Jacobsen’s Gurrelieder appeared in German for the first time in 1899 in the complete edition of his works entitled and translated by Marie Herzfeld and Robert Franz Arnold (Jens Peter Jacobsen: Gesammelte Worke, 3 Volumes, Eugen Diederichs, Florence and Leipzig; the Gurrelieder appear in Volume I, Novellen, Briefe, Gedichte). Robert Franz Arnold (originally Levisohn) (1872-1938), who edited and translated the first volume, was Professor of Literature in Vienna and a noted translator and critic. Among his more important translations are works by Milton (Lycidas and Il Penseroso) and Jacobsen. His works of literary criticism covered many fields, e.g. Renaissance Culture, The Modern Drama, and a comprehensive Bibliography of the German Stage. He prepared not only the first edition of the Gurrelieder for the Herzfeld edition of 1899 but a second version in 1921.

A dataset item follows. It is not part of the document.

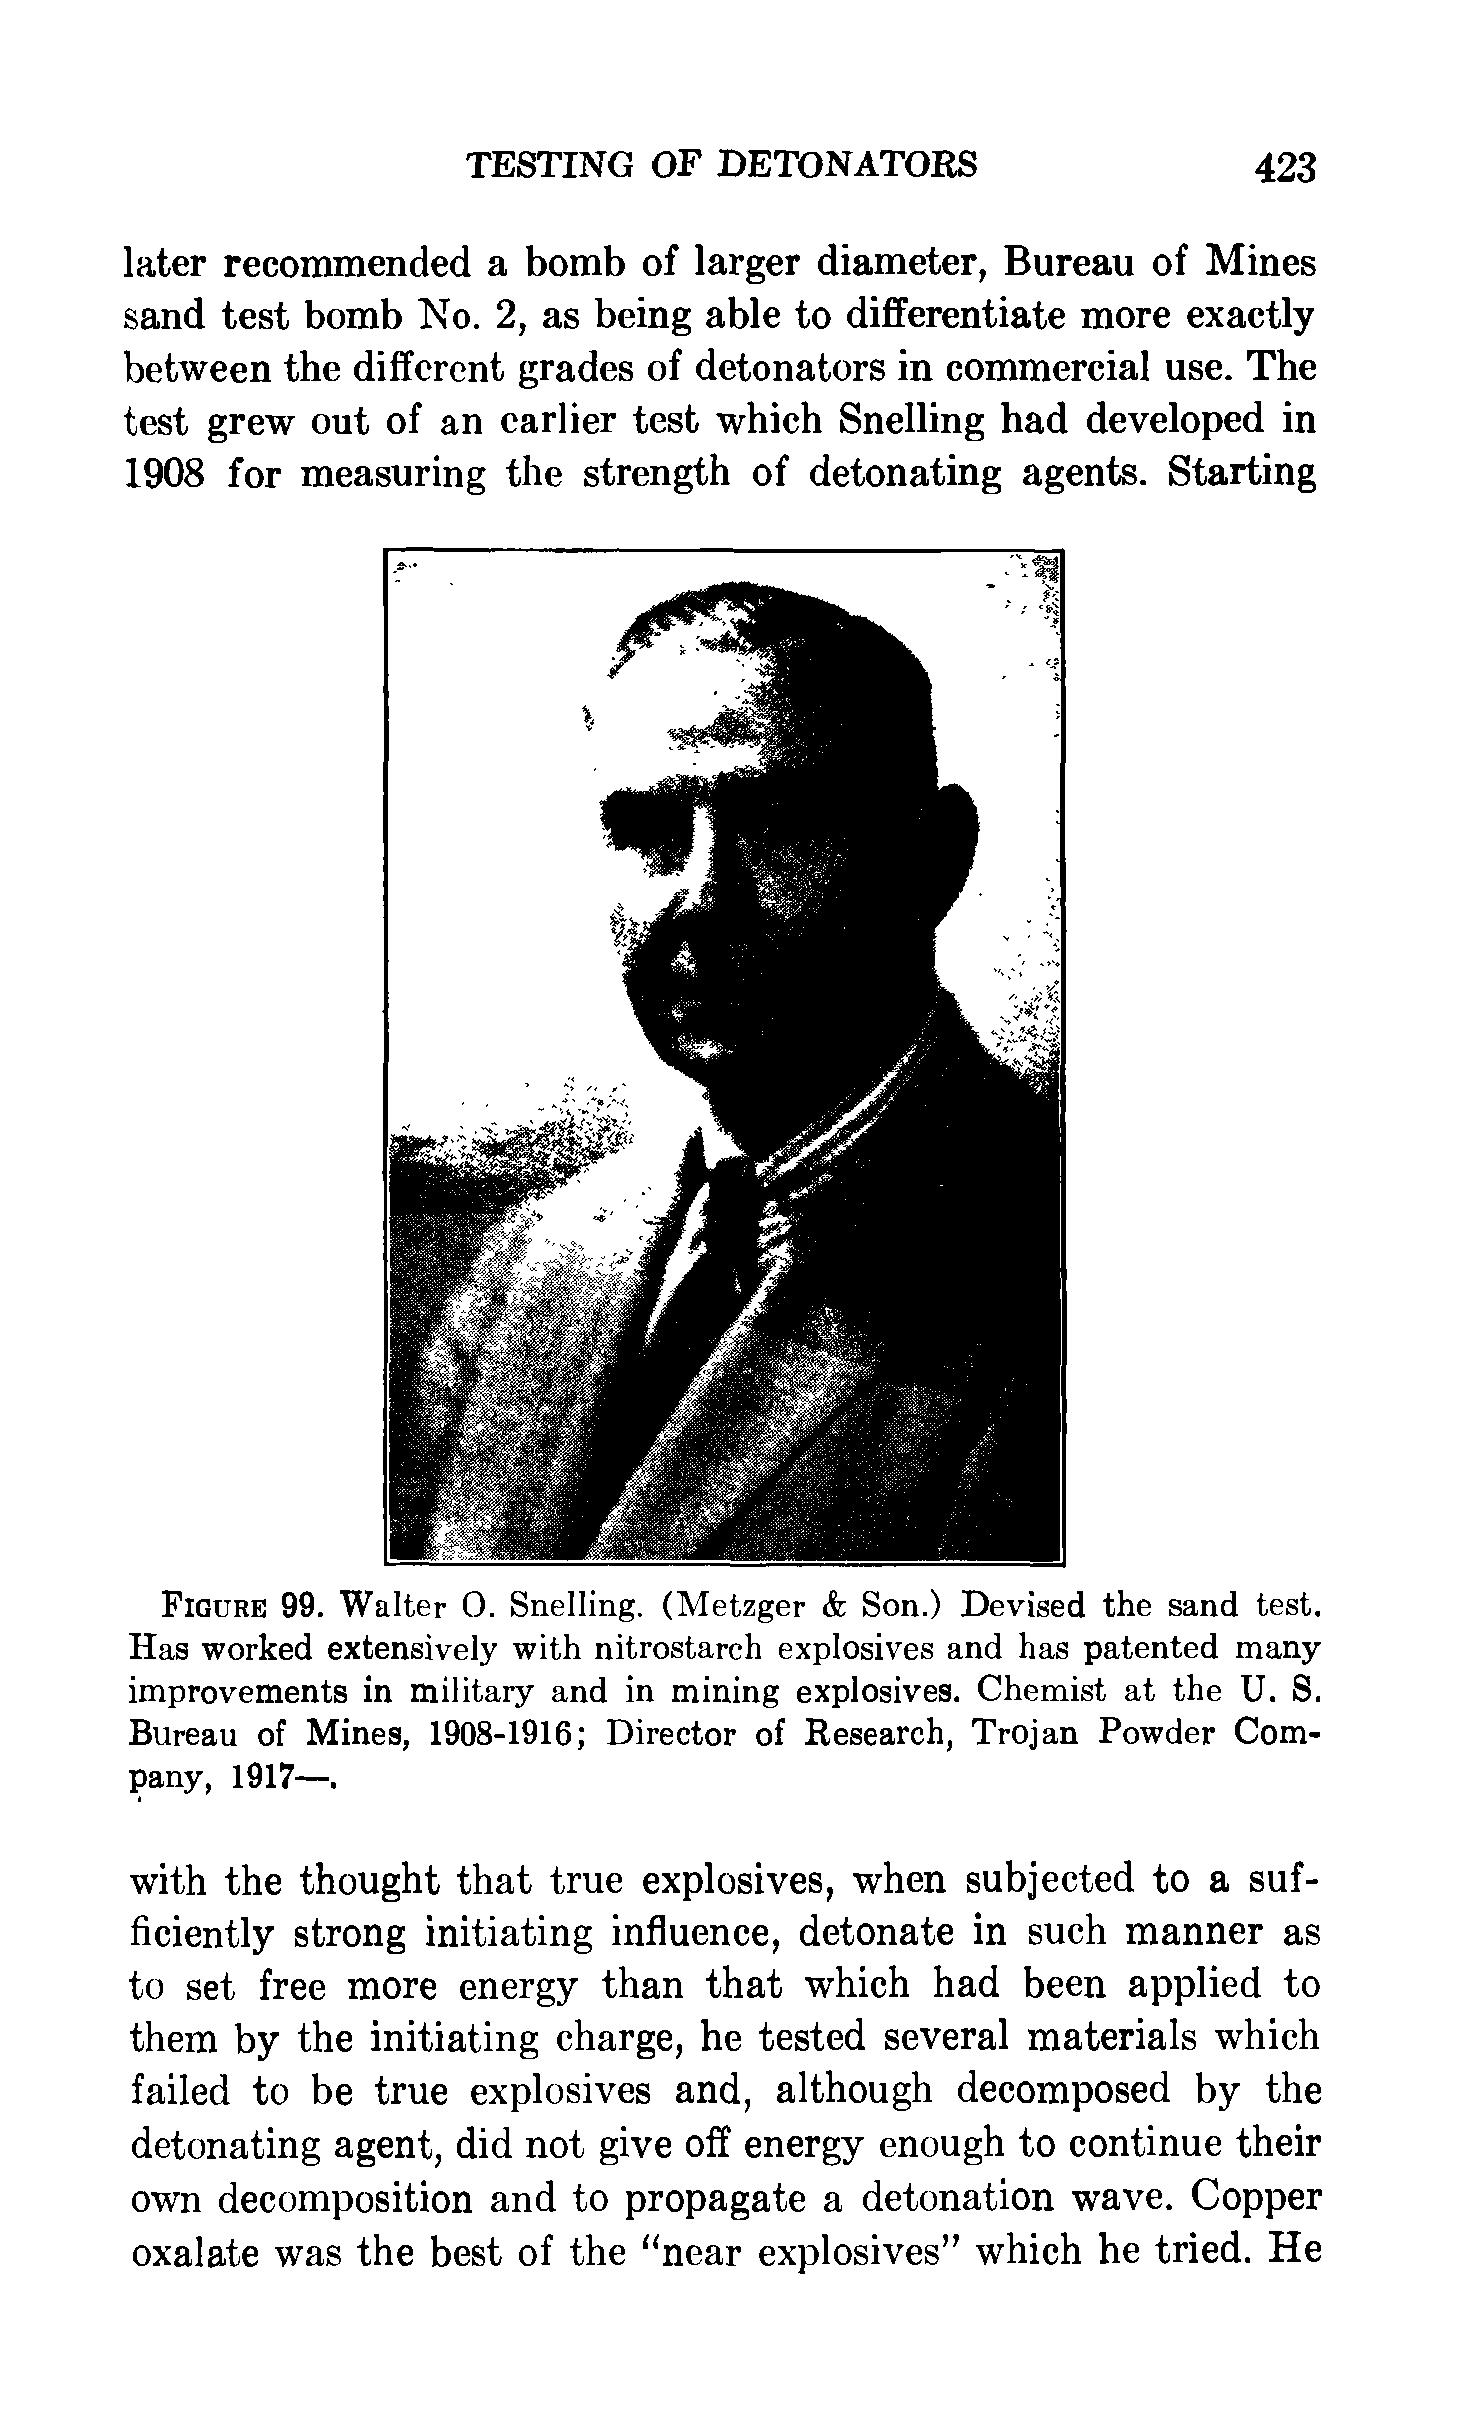 Figure 99. Walter 0. Snelling. (Metzger Son.) Devised the sand test. Has worked extensively with nitrostarch explosives and has patented many improvements in military and in mining explosives. Chemist at the U. S. Bureau of Mines, 1908-1916 Director of Research, Trojan Powder Company, 1917—.
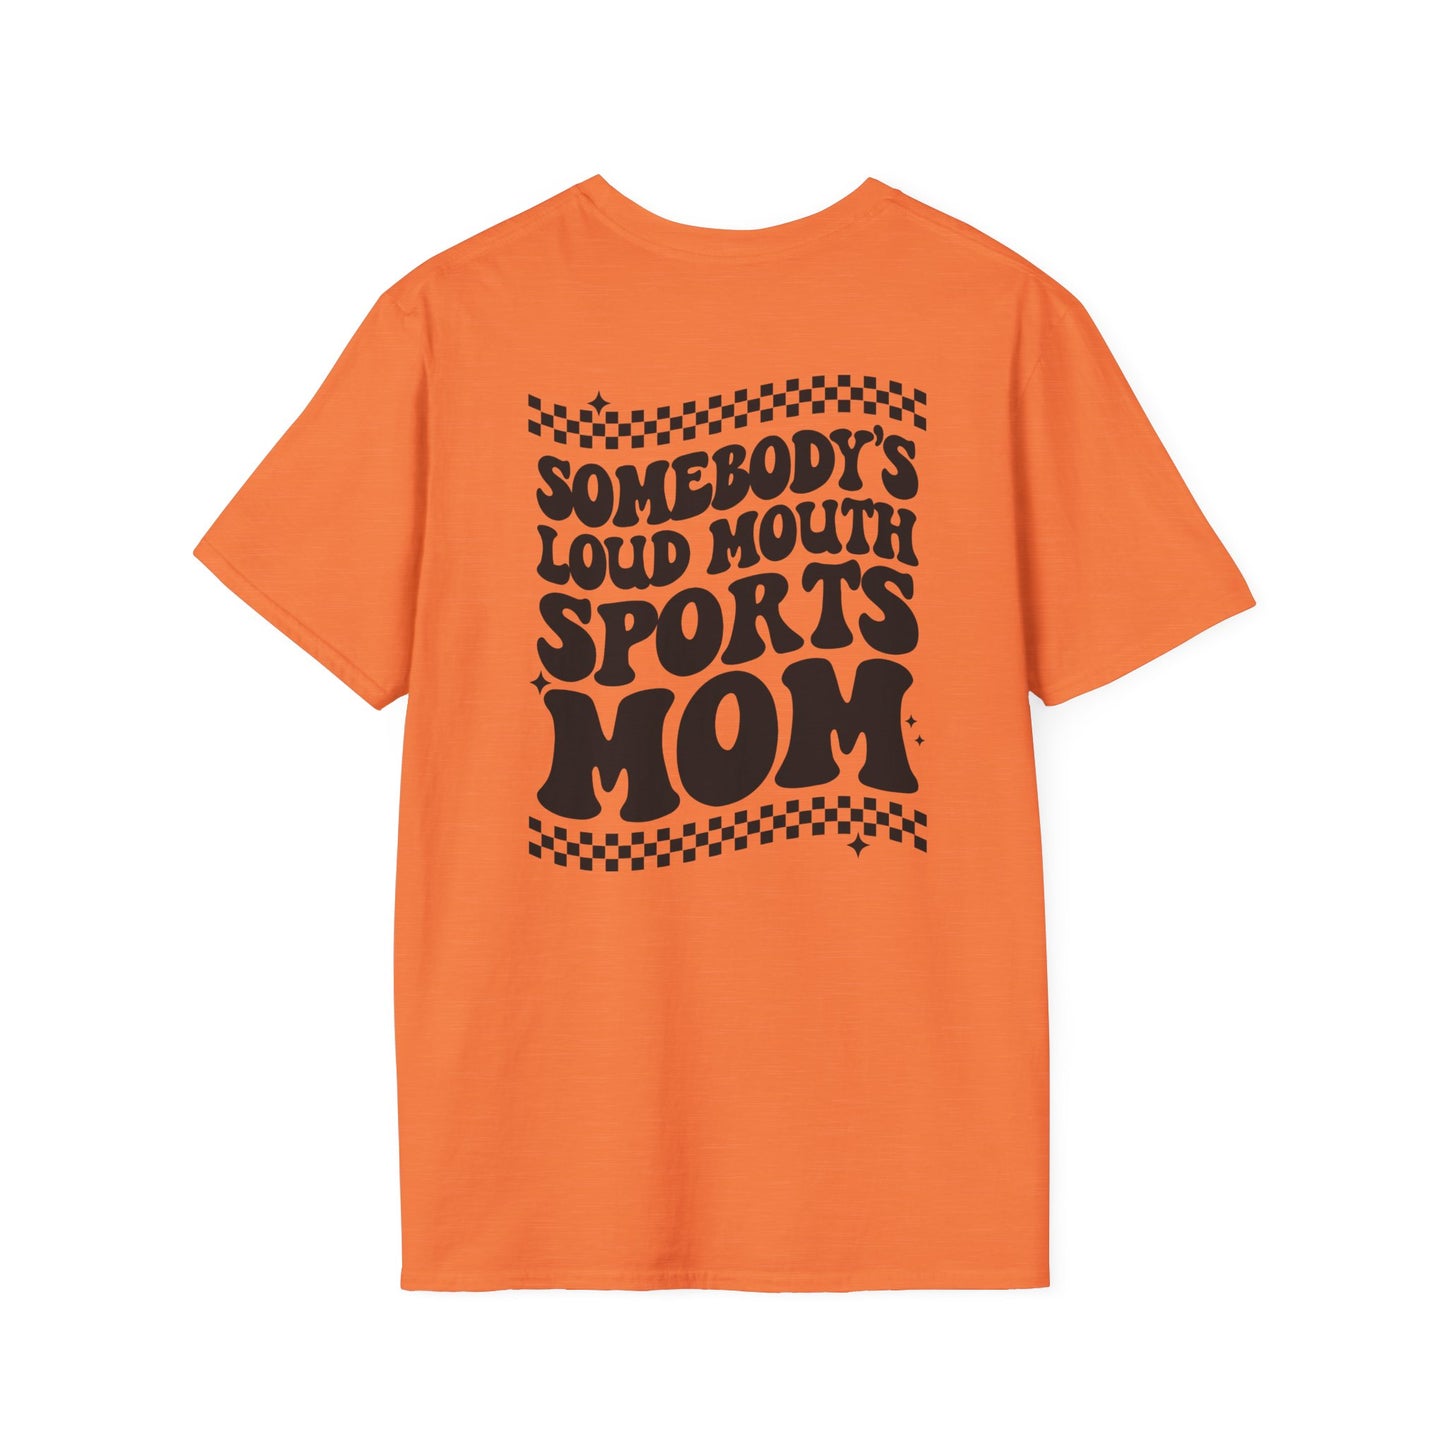 Loud Mouth Sports Mom - Unisex Softstyle T-Shirt

It is probable that Schoenberg became familiar with the Jacobsen poem in Arnold’s translation in the early part of 1899, or possibly even a few months earlier, since the volume of poems, letters and short stories was being edited in Vienna at that time. There are a number of discrepancies between the text of the first German edition and the text which Schoenberg actually used, which would seem to indicate that Schoenberg became familiar with the work while the translation was still in draft. These variations are occasionally nothing more than the substitution of a synonym, as for example leise for milde, but there are many such changes, and sometimes the alterations are considerable.
Although Arnold had done a considerable amount of research on the historical background of the Gurrelieder, and appended to the first edition a résumé of his researches on the subject, his knowledge of the Danish language was far from profound and his translation is inaccurate in detail, often grossly so. There are numerous places where the sense of the original is misrepresented, reversed or reduced to absurdity.
One can imagine the young Schoenberg, at the beginning of his career and steeped in the world-view of the 19th-century, with only a few songs and one large-scale instrumental chamber work, Verklärte Nacht, to his credit, coming upon Robert Franz Arnold’s translation of Jacobsen’s Gurrelieder, probably still in manuscript, and finding a work which fairly cried out to him for musical treatment on the vastest of scales.
The work was not completed until 1911 -- eleven years later -- and produced its own black moments of despair for its creator, but it was, from the moment it was conceived in the mind of Schoenberg, fated to be an end and a beginning, even as the subject itself, a glorious finale to a dying era and the embryo bearing in itself the potentialities of what was to come.